If the burn isn't too bad you may be able to cut off the dried out portion and cook and eat the food. If the burn is extensive, the only way to consume the food may be to cook it with lots of moisture and spices such as in a stew or soup to mask the freezer taste and smell.

It won't hurt you but it won't make a great dish either.


----------



## Gretchen (Feb 7, 2006)

It tastes really really bad. Aurora has the right chemical processes.


----------



## Chopstix (Feb 7, 2006)

One can prevent freezer burn by making sure to freeze food with no air (as much as possible) inside the wrapper -- for example, by using a ziplock bag or clingwrap (but first push out any air before sealing), or use vacuum sealers.

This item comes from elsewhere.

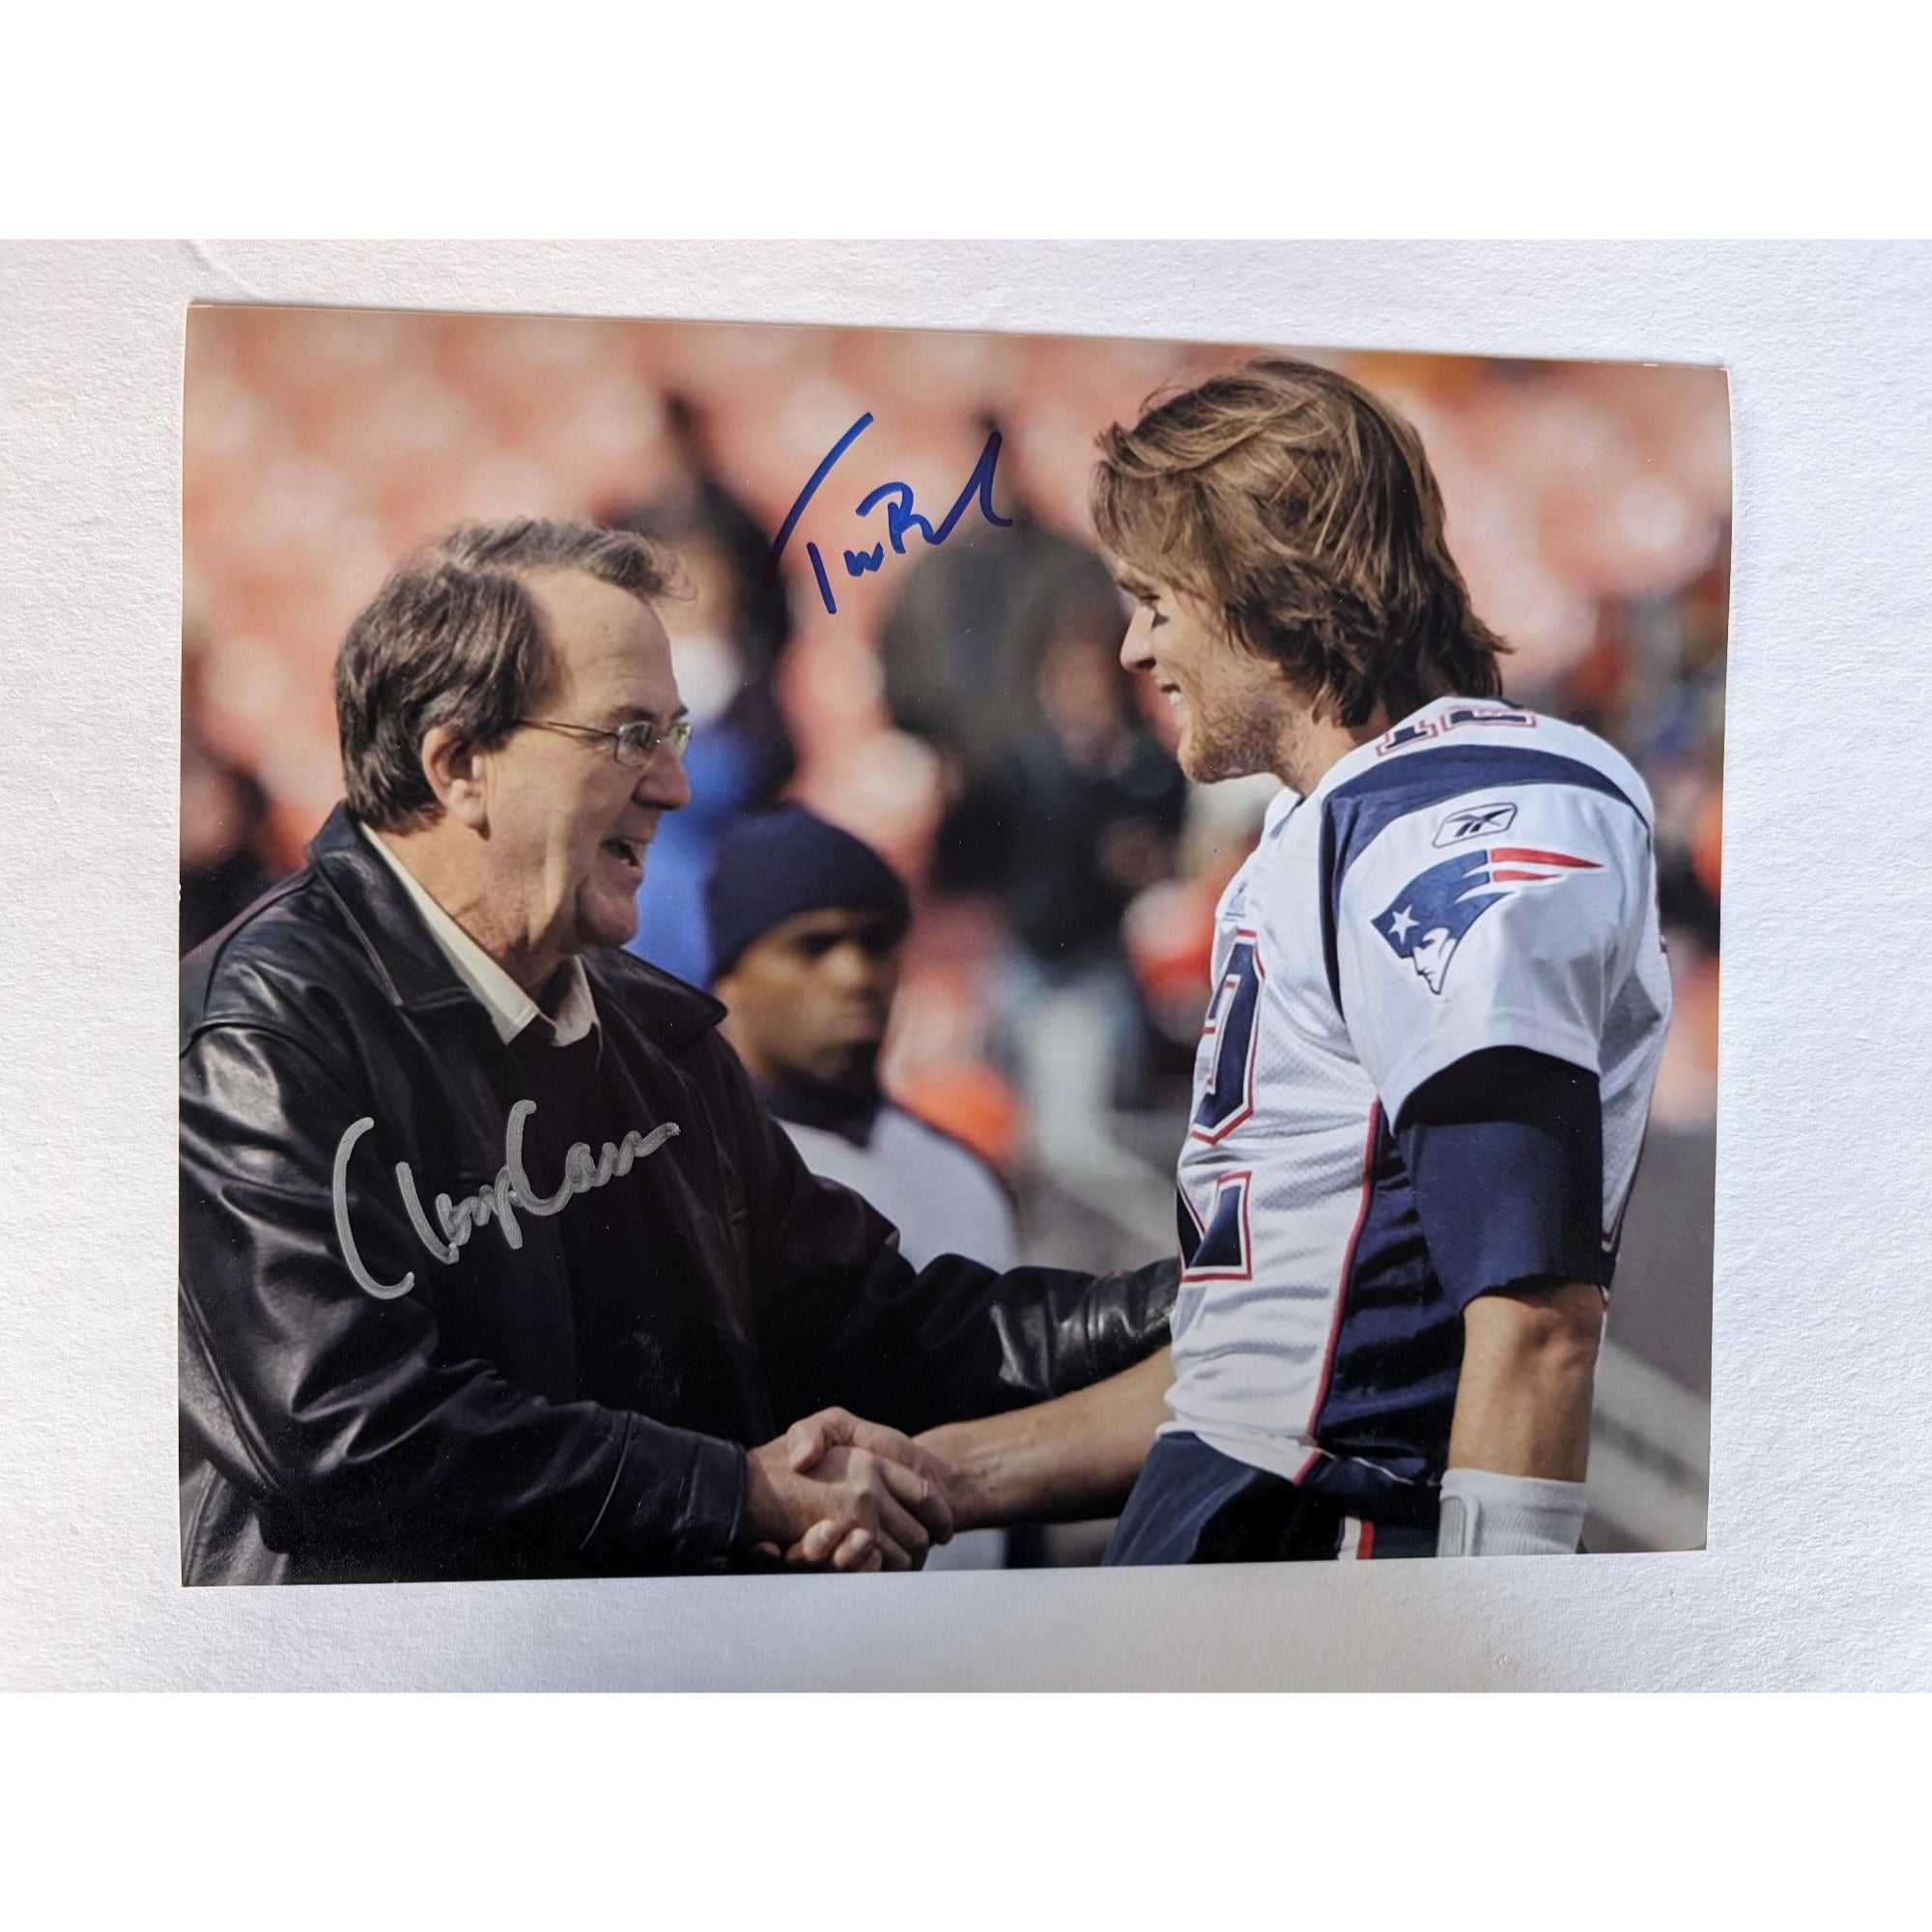 Tom Brady and former Michigan head coach Lloyd Carr 8x10 photo signed

If you leave air inside the food wrapper, the liquid in the food will 'evaporate'  and transfer to the sides of the wrapper or container and take the form of 'frost' on the inside of your food container. And you will end up with the dreaded freezer burn on the surface of your food.  Reheating the whole lot will not reverse the damage to meat.

While eating freezer-burned food is safe (albeit bad-tasting), it might be better to prevent freezer burn altogether


----------



## Gretchen (Feb 8, 2006)

The best way to avoid freezer burn is to use a FoodSaver vacuum system.


----------



## ronjohn55 (Feb 8, 2006)

Gretchen said:
			
		

> The best way to avoid freezer burn is to use a FoodSaver vacuum system.


 
What about not freezing the food?    

Kidding! Just kidding! 

The best way is to have 2 teenagers like my brother and I - that freezer never stayed full for very long!  

John


----------



## mackeeg (Feb 9, 2006)

My chest freezer never freezer burnt anything, my new upright burns everthing right away!! I hate the thing!!


----------